Outro alguém
Em diversas culturas a inveja é demonizada, como se uma pessoa pudesse roubar tudo de outra pessoa apenas pelo simples desejo. Eu não sei vocês, mas eu já quis ser outra pessoa. Estar na pele de um outro alguém que tem tudo o que eu sempre quis. Penso que em todo momento da minha vida esse alguém existiu e, analisar quem era e como eu imaginava minha vida naquela pele, é um exercício de autoconhecimento que justificava um pouco dessa inveja.
Ser um outro alguém. Não é difícil pensar em algum famoso. Fortunas milionárias, corpos sarados e amantes perfeitos; e em algum momento eu sei que chegou a ser, em fases mais gananciosas de mim mesmo. E fases mais aventurescas, tornou-se personagens admiráveis e hoje em dia me surpreendo ao me imaginar na pele de pessoas comuns. Apenas pessoas como eu, com realizações comuns que a mim parecem tão fantásticas como um mortal triplo carpado dado por um homem em uma corda bamba. Assim imagino-me sendo aceito em um estágio, tirando boas notas na faculdade, conseguindo conciliar estudos e a escrita, conseguindo que a pessoa por quem eu sinto atração correspondesse… E para cada uma dessas coisas eu tenho um nome claro na minha mente, que não direi por motivos de me preservar.
Essa aproximação da minha inveja, por assim dizer, de pessoas reais acaba tomando uma outra dimensão que eu nunca tinha reparado.

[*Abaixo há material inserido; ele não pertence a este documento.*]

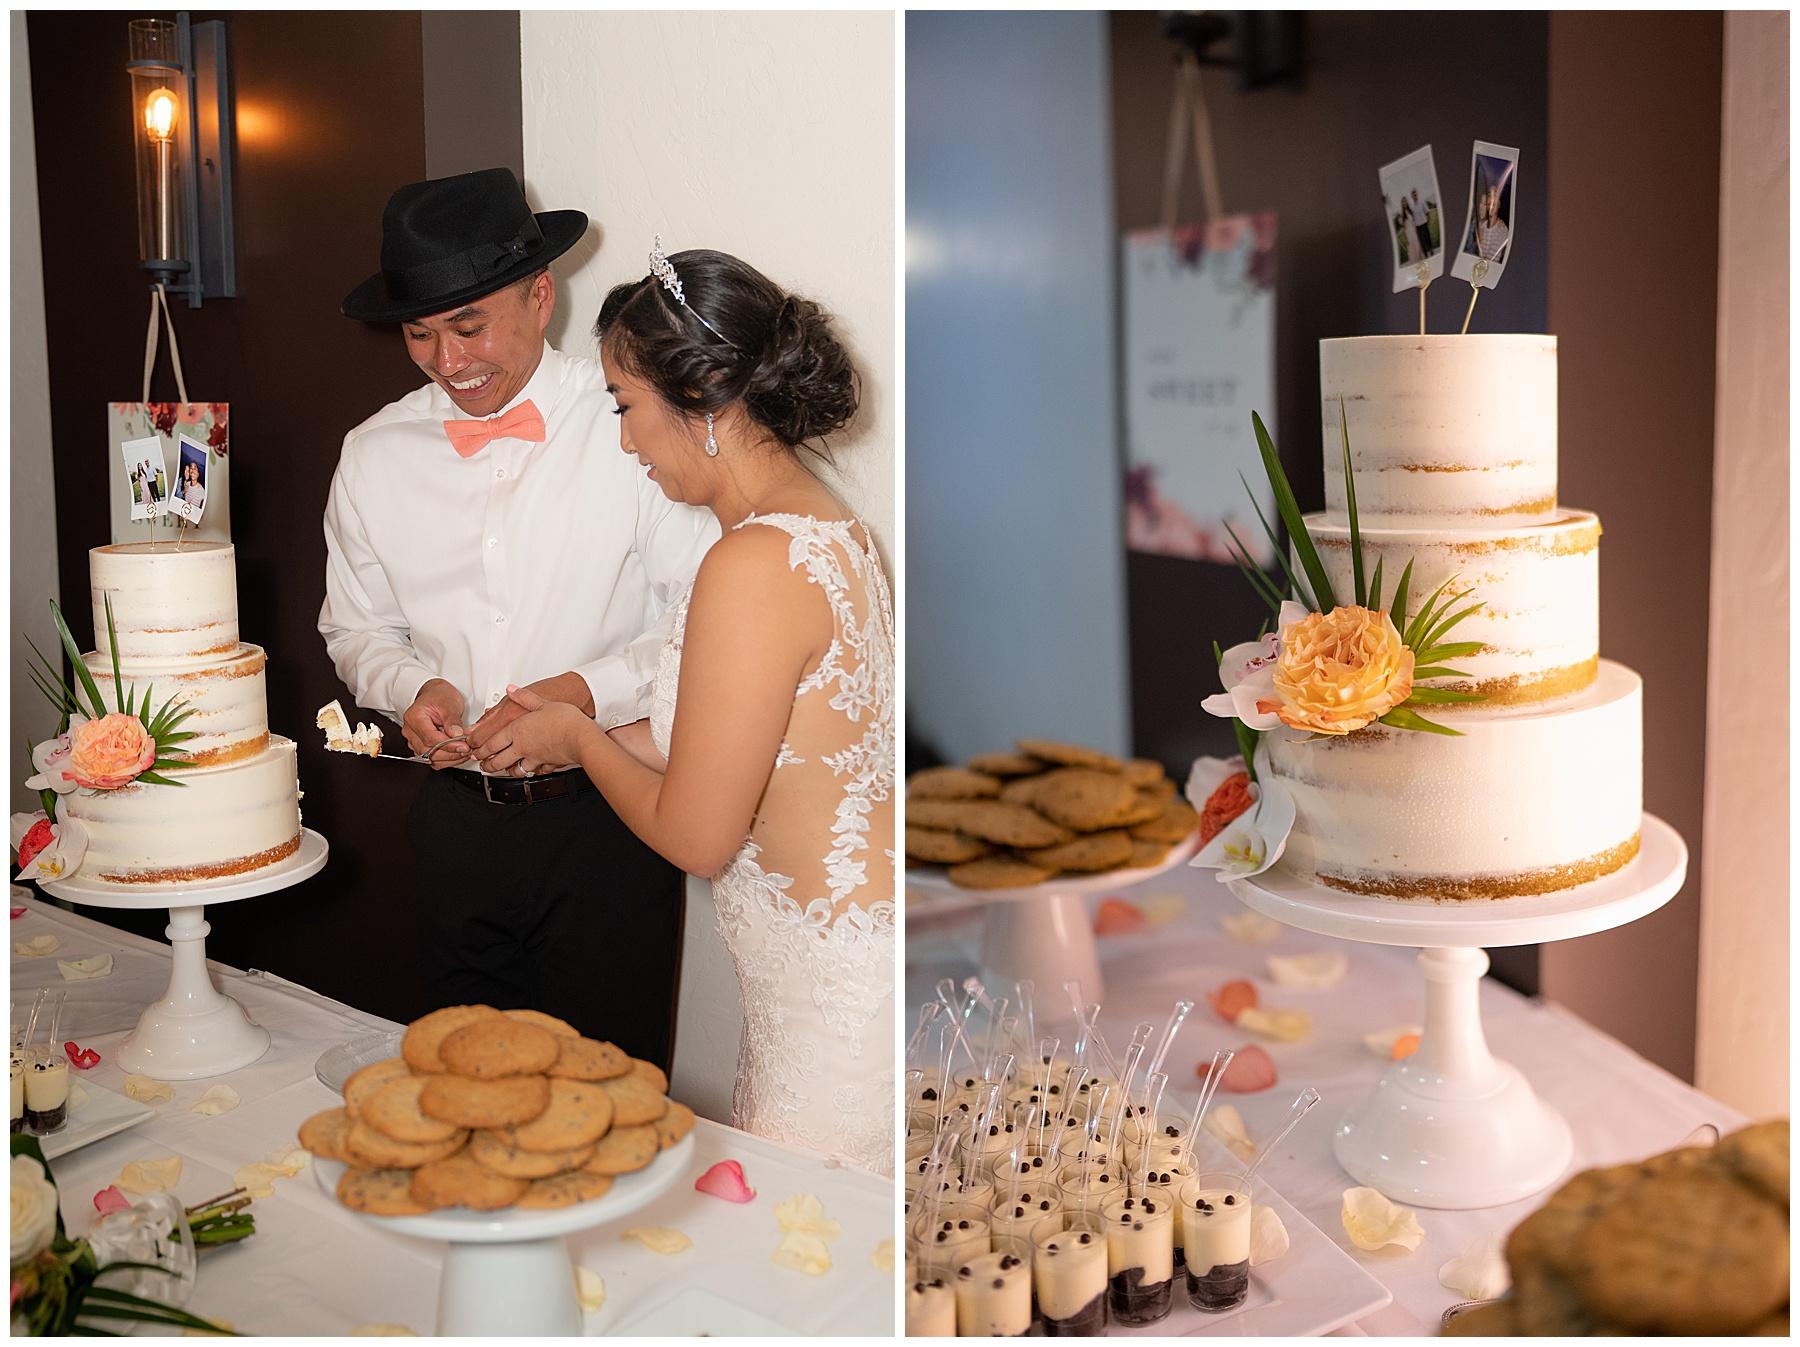 tom ham's lighthouse wedding cake cutting

Os ônus. É como se eu afastasse a lente de um aspecto da vida da pessoa, tirasse o foco de apenas aquilo e — surpresa! — me é revelada apenas uma pessoa normal, lidando com seus problemas e para quem meus problemas podem parecer absolutamente irrelevantes. Percebe? Uma dimensão não descreve um cubo, assim como uma vitória não descreve a vida de uma pessoa como um mar de rosas. De longe, tudo parece pequeno, até a lua.